**DATA BELOW**
= = = = = = =

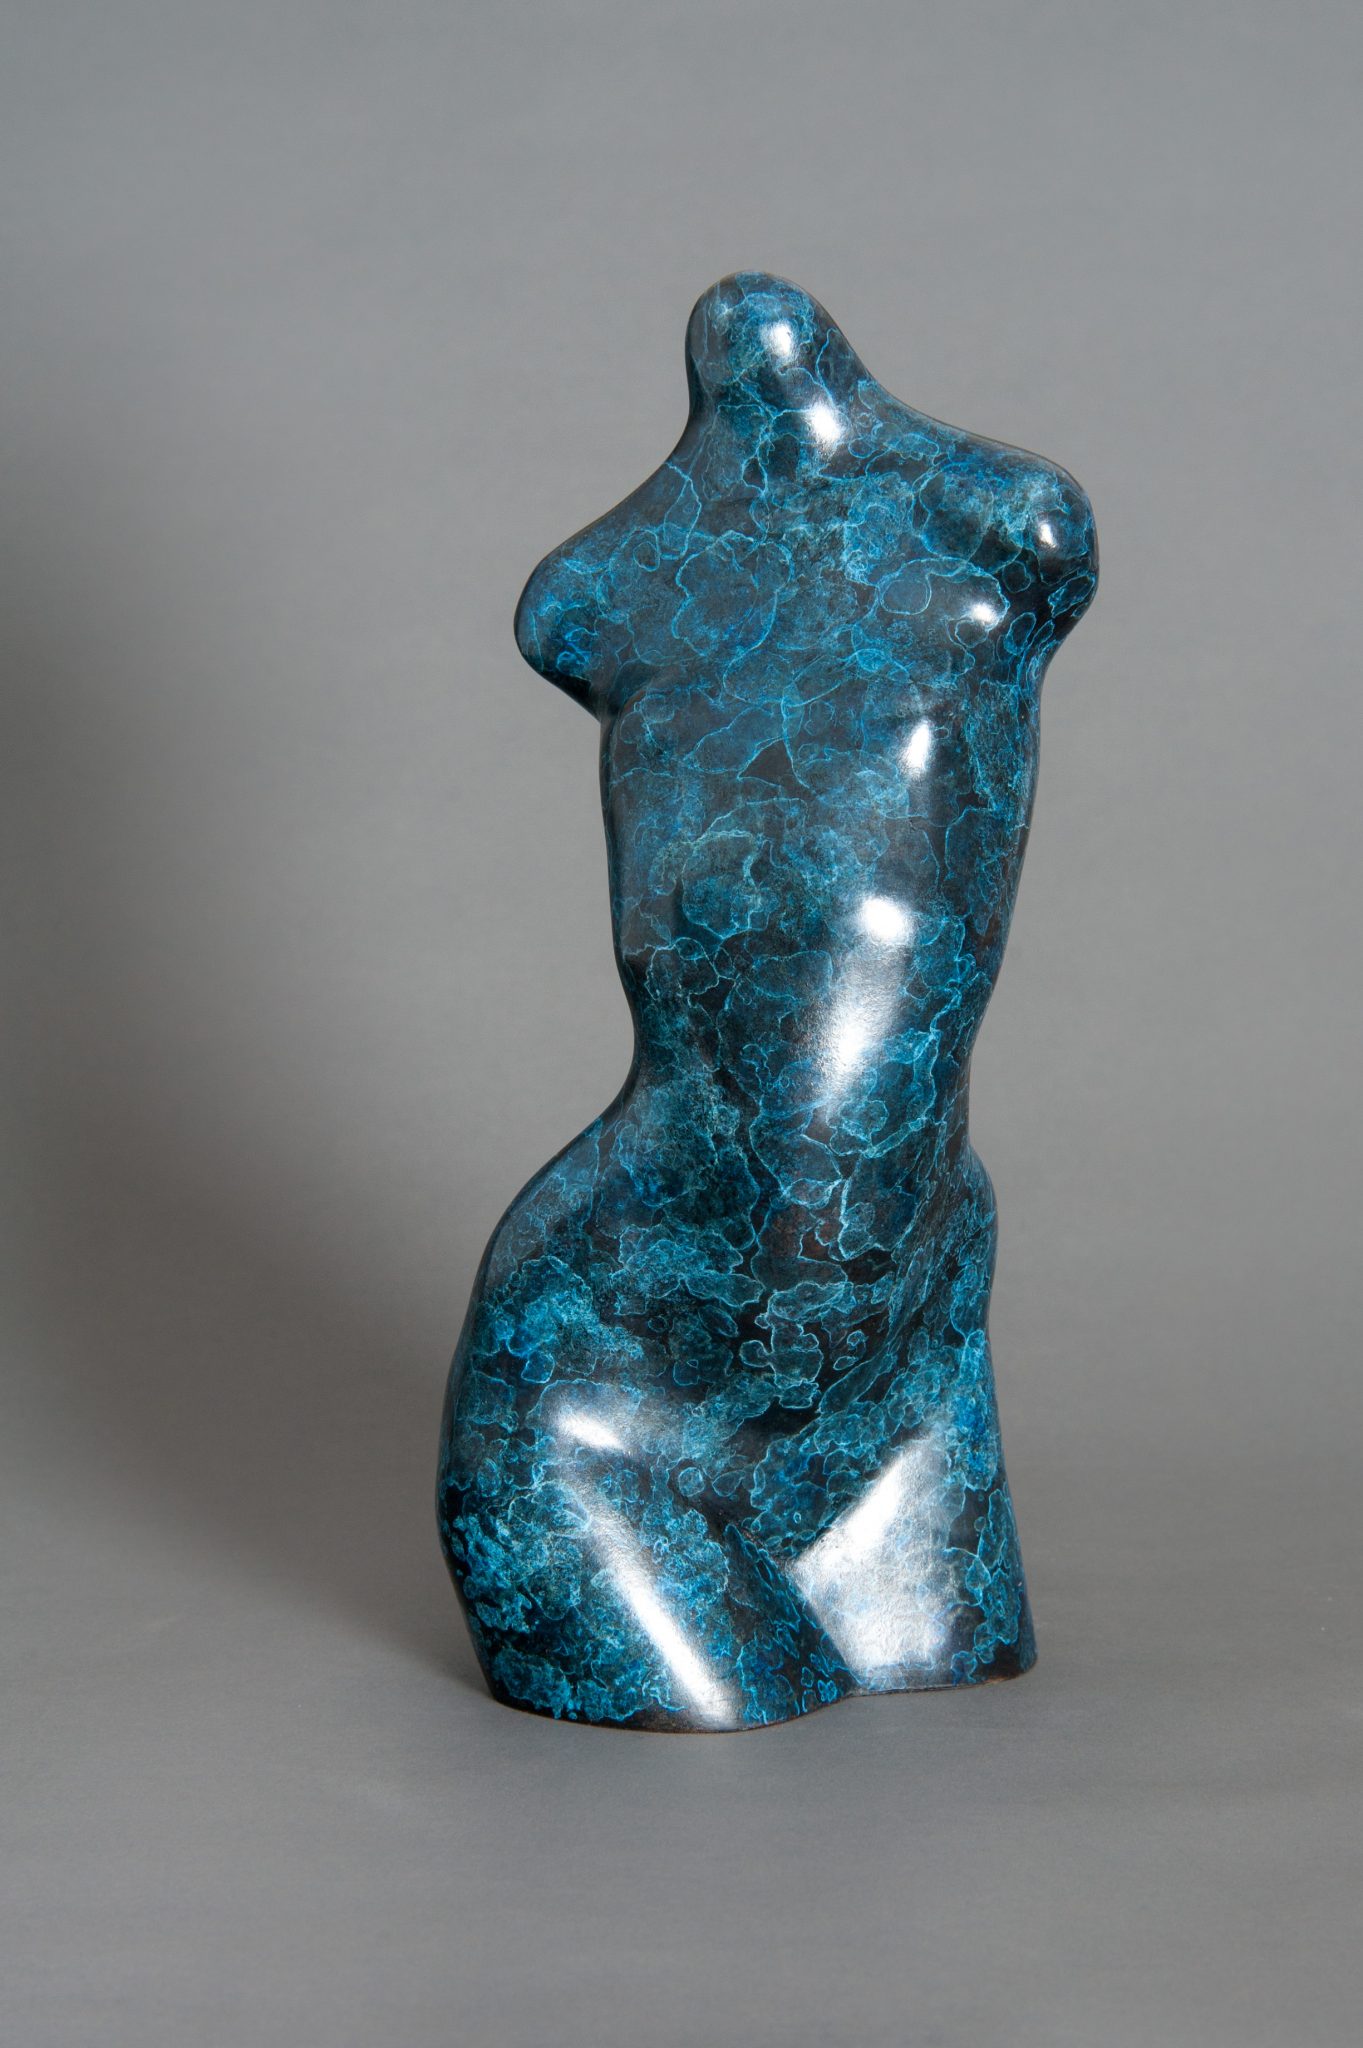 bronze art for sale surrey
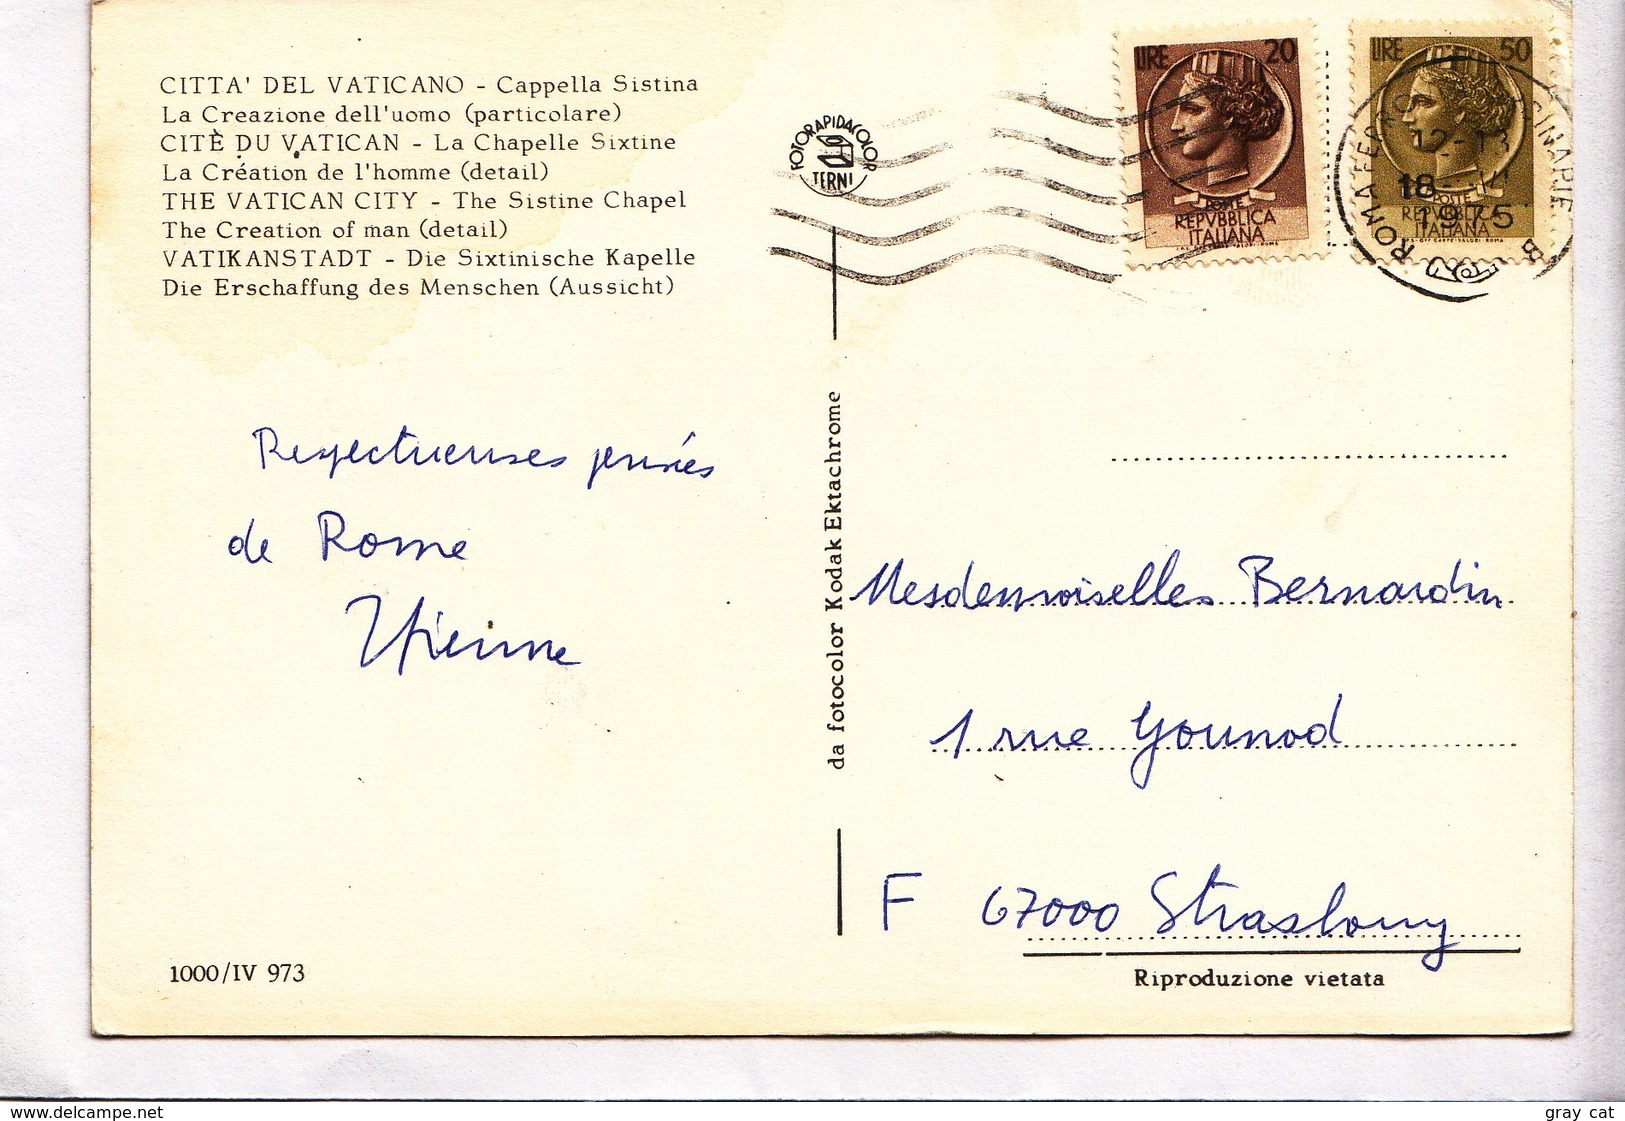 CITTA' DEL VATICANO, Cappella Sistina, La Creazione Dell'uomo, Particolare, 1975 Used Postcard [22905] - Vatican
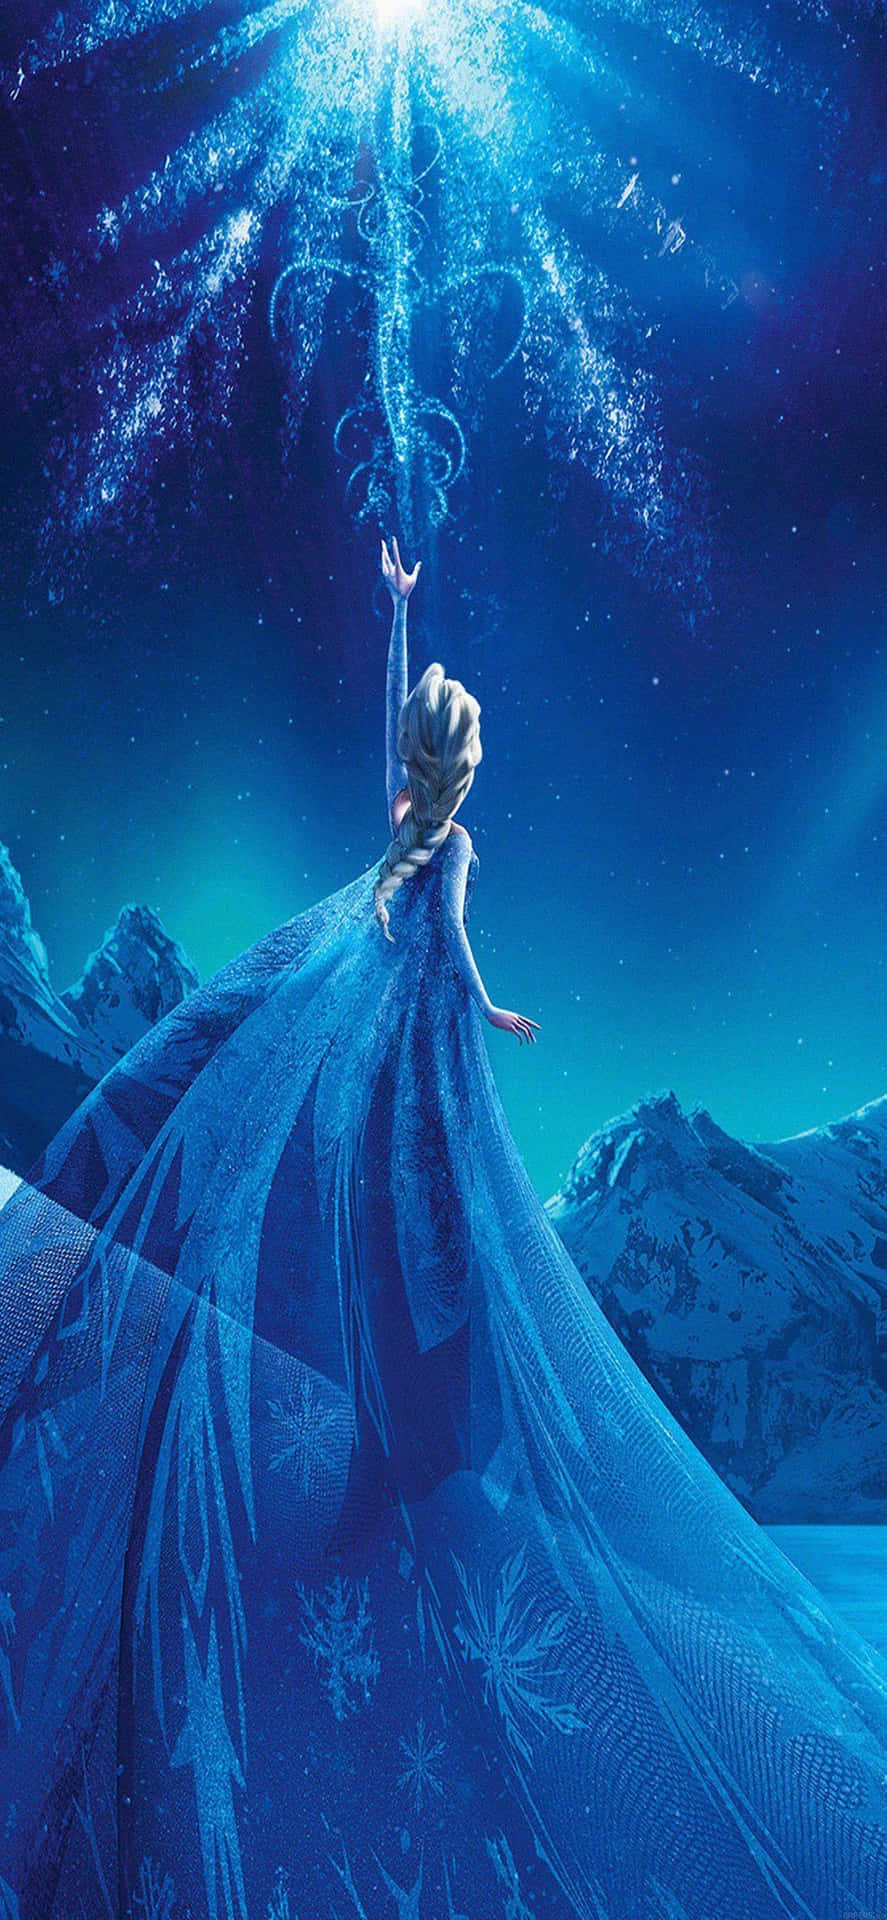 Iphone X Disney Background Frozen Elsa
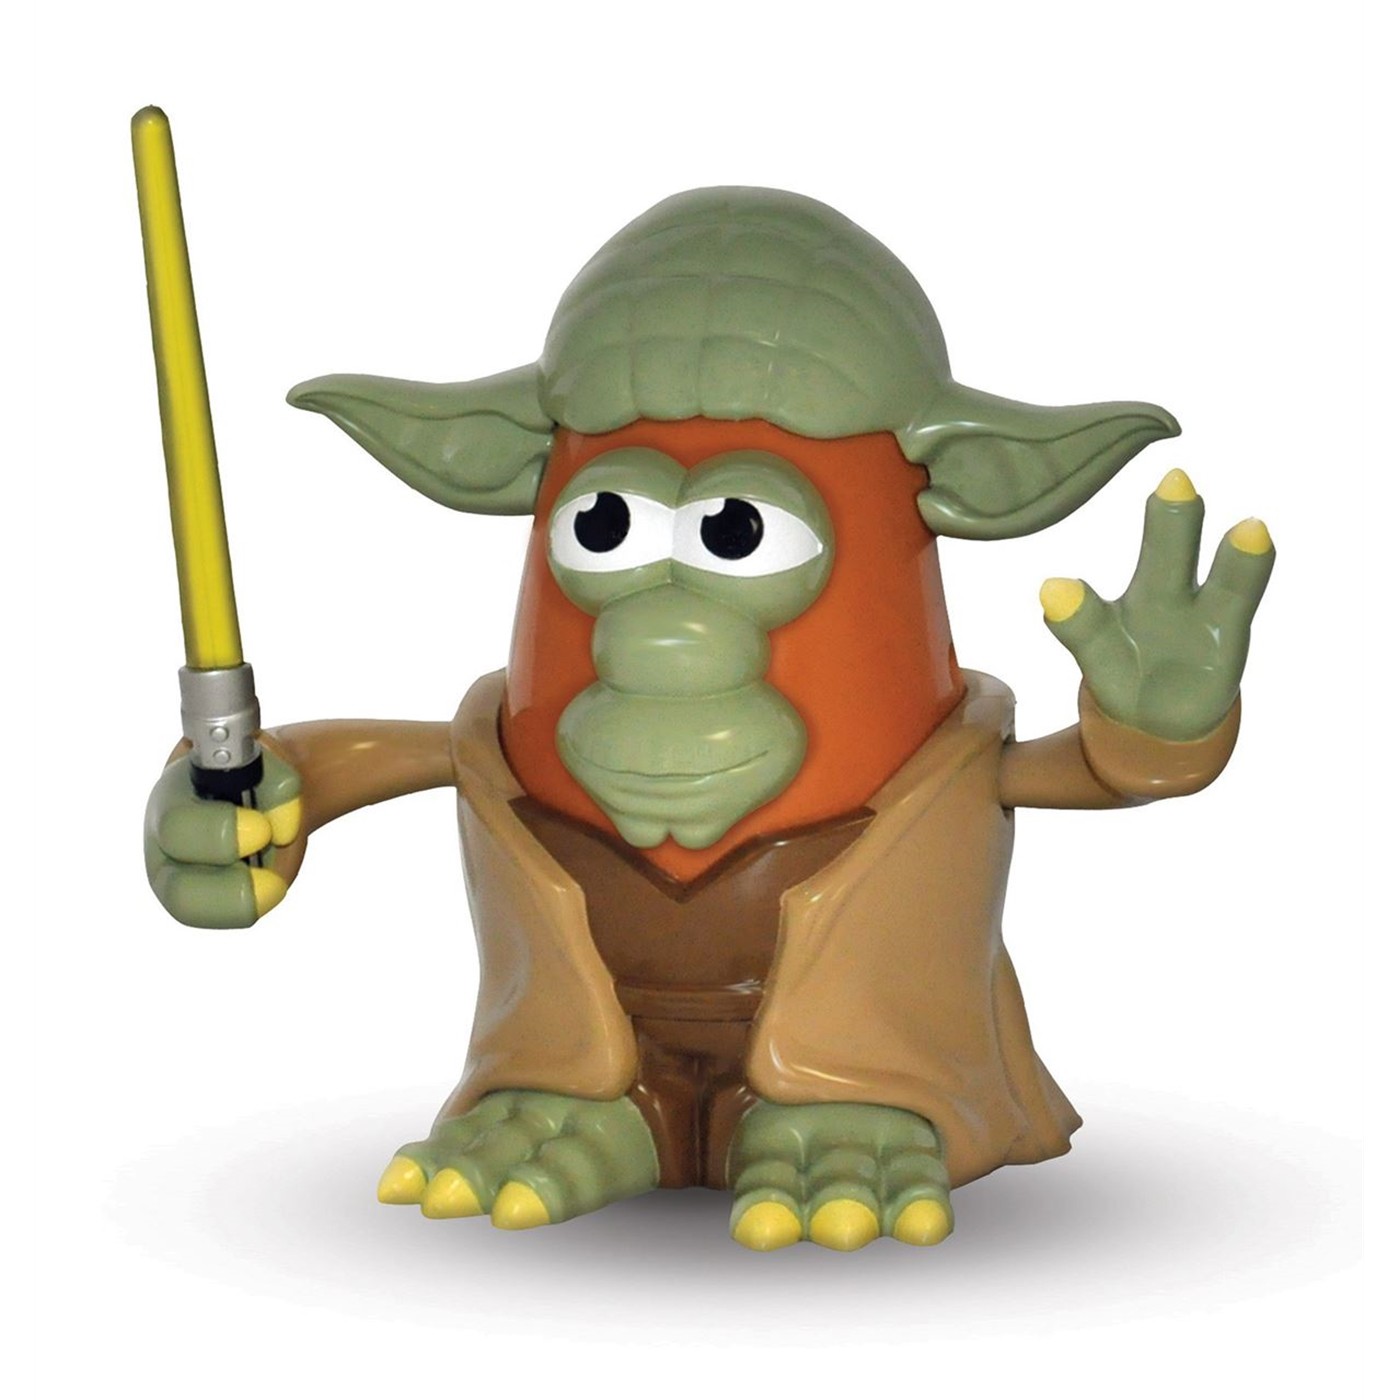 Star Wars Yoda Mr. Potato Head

= = = = = = =

**PROBLEM TO WORK ON**
Write out the listing above exactly, images omitted.

**EXERCISE OUTPUT**
 bronze art for sale surrey
 CITTA' DEL VATICANO, Cappella Sistina, La Creazione Dell'uomo, Particolare, 1975 Used Postcard [22905] - Vatican
 Iphone X Disney Background Frozen Elsa
 Star Wars Yoda Mr. Potato Head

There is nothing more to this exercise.